The last time a billionaire ran for president, he warned about the “crazy aunt in the basement.” That was Ross Perot’s favorite euphemism for a problem the country refused to face. Donald Trump is challenging the Republican Party to confront its crazy uncle.
Everyone has a family member or longtime acquaintance who is loud, crass and opinionated. This person has some good ideas, mixed with arguments that would be perfectly defensible if expressed more tactfully plus some views that are prejudiced or just downright crazy.
You know the type. They send you emails about Barack Obama’s birth certificate and share Facebook posts about the antichrist coming for your guns. Yet this same person has also managed to start a successful business, so he’s clearly no dummy. And while you may find him annoying, others like and respect him.
Trump is that uncle on a much larger scale. His celebrity status, and now his campaign for president of the United States, gives him a bigger platform than a chain-email sender. Whether he’s still a billionaire or not — we’ll know how serious he is about his presidential ambitions when he discloses his finances — he has been phenomenally successful.
Trump should be easy to dismiss. This is at least the third time he has threatened to run for president. In 2000, he was unwilling even to challenge Pat Buchanan for the nomination of Perot’s Reform Party.
Many of Trump’s ideas are half-baked. Others contradict past positions he’s taken. He left the Republican Party in October 1999 and pledged to run to Buchanan’s left on economic and social issues 15 years ago. Now he is running as a true Tea Party conservative, to the right of most Republicans seeking the White House.
Jeb Bush once gave Hillary Clinton an award, something that will make great fodder for ads both in the primaries and in the fall election if he is the nominee. But Trump actually gave Hillary money, including $1,000 for her Senate campaign and at least $100,000 to the Clinton Foundation.
But Trump won’t be dismissed. For one thing, there are a lot of so-called crazy uncles out there and some of them vote. Sincerely or not, Trump is stoking fears and resentments genuinely felt by a nontrivial segment of the GOP rank-and-file.

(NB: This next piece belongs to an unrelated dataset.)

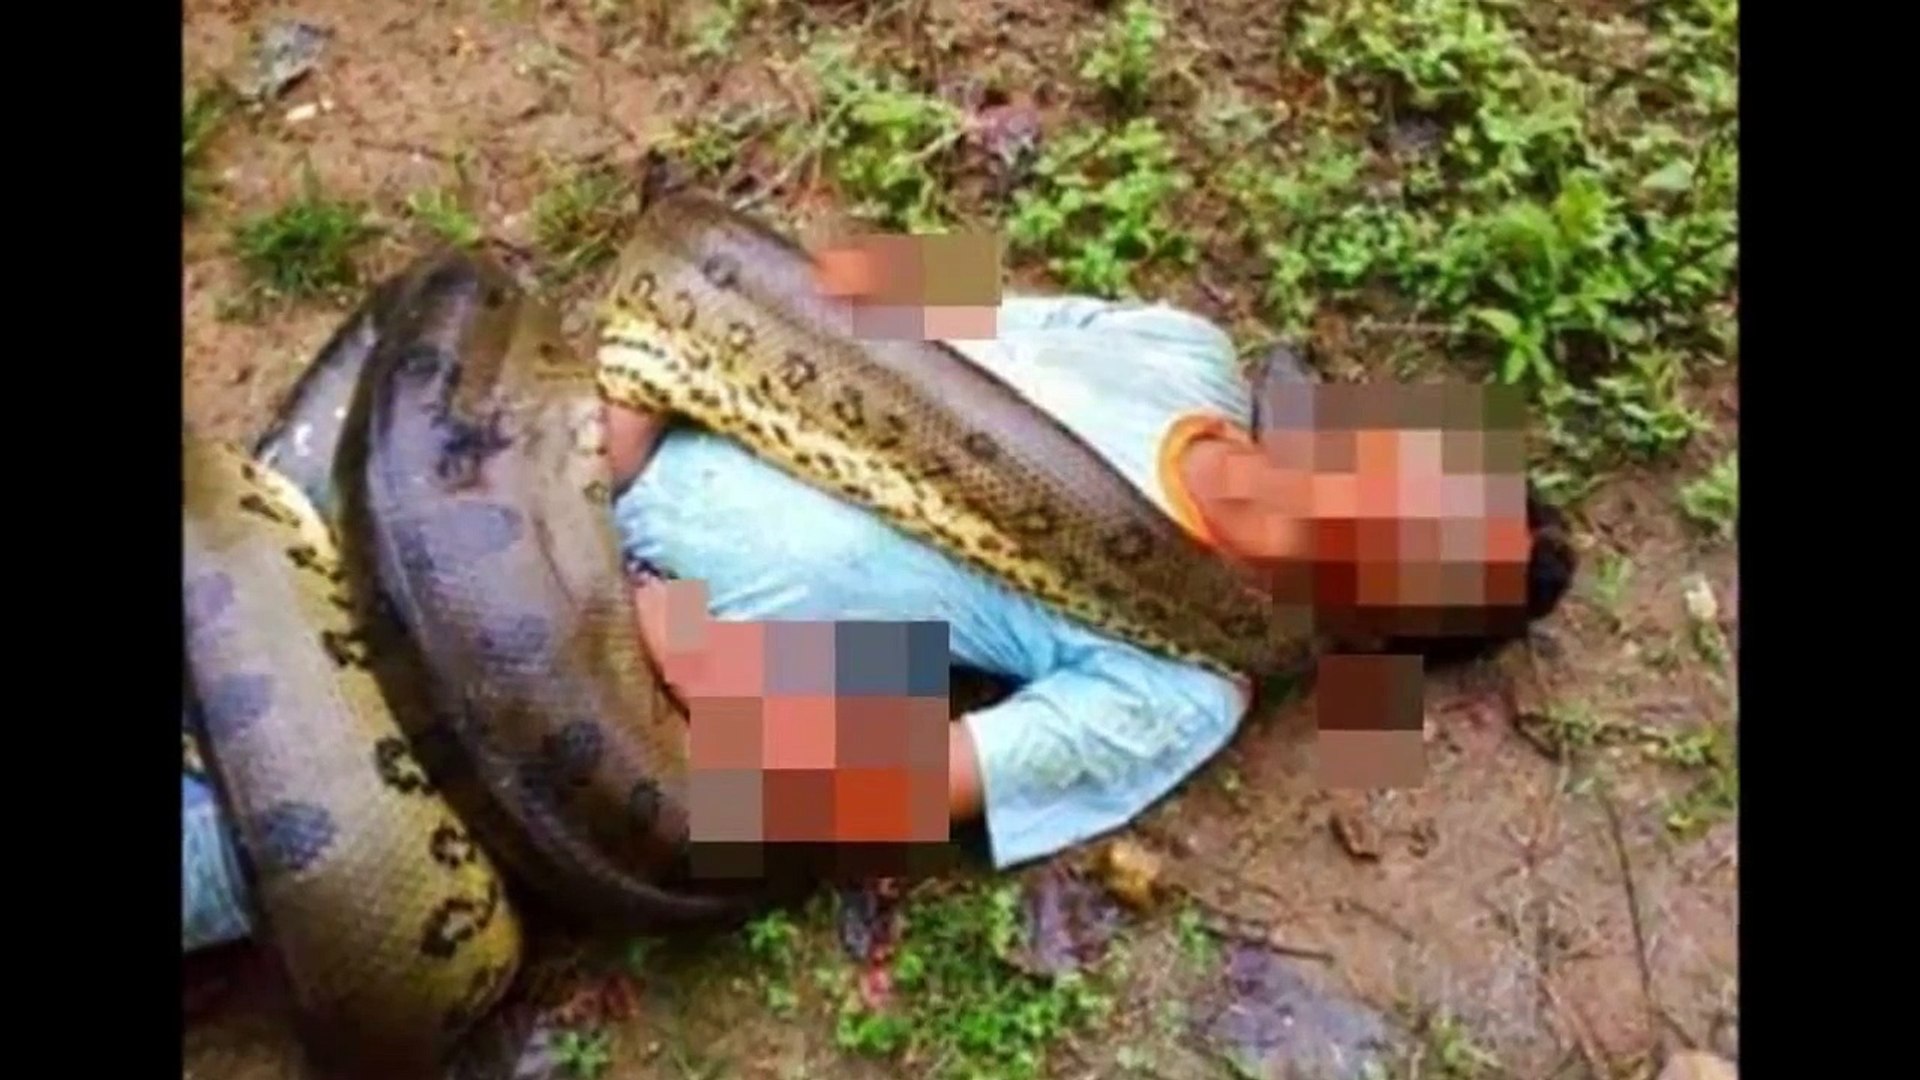 Anaconda eat human alive

As Trump’s would-be opponent for the Reform Party nomination once put it, these visceral conservatives “don’t read Adam Smith or Edmund Burke, but they came from the same schoolyards and playgrounds and towns as we did.” Tip O’Neill said all politics are local, but today all politics are identity politics. Trump reflects this as surely as Sarah Palin does.
Many conservatives are looking for someone who will fight for them, a trait some evaluate not on the basis of preferred marginal tax rates or five-point policy agendas but by ability to spark liberal outrage. That’s where Trump has a proven track record.
Consider the analysis of Iowa conservative commentator Steve Deace. “[Trump] may or may not be presidential material, but he’s made a lifetime out of defying the limp-wristed and the know-it-alls,” Deace writes, chastising “case-studies in passive-aggressiveness mocking him now couldn’t hold his jock strap, and would probably urinate themselves if you took them outside their beltway spider holes and placed them in the high-pressure world he lives in each day.”
Deace is no yahoo. He speaks for a constituency and has made a number of accurate Iowa political predictions. Leaving aside whether even paid actors want to hold Trump’s jock straps, much less highbrow political analysts, it is true few of his detractors could replicate his business feats. By the same token, not many of Ben Carson’s critics could separate conjoined twins or perform a successful hemispherectomy. But expertise in one field doesn’t necessarily translate even to competence in another.
Let’s not overstate how representative Trump is of his party or conservatives. He has the worst favorability numbers among Republicans of any candidate in the GOP field. Barring a massive breakdown in the process, he has no chance of becoming the nominee.
Only a large field fragmenting the vote and giving outsized personality a chance to stand out in the debates give Trump any opportunity to influence the primaries at all. But Trump isn’t an anomaly either. He represents something serious conservatives must address, not simply sneer at.
This uncle won’t stay locked in the basement.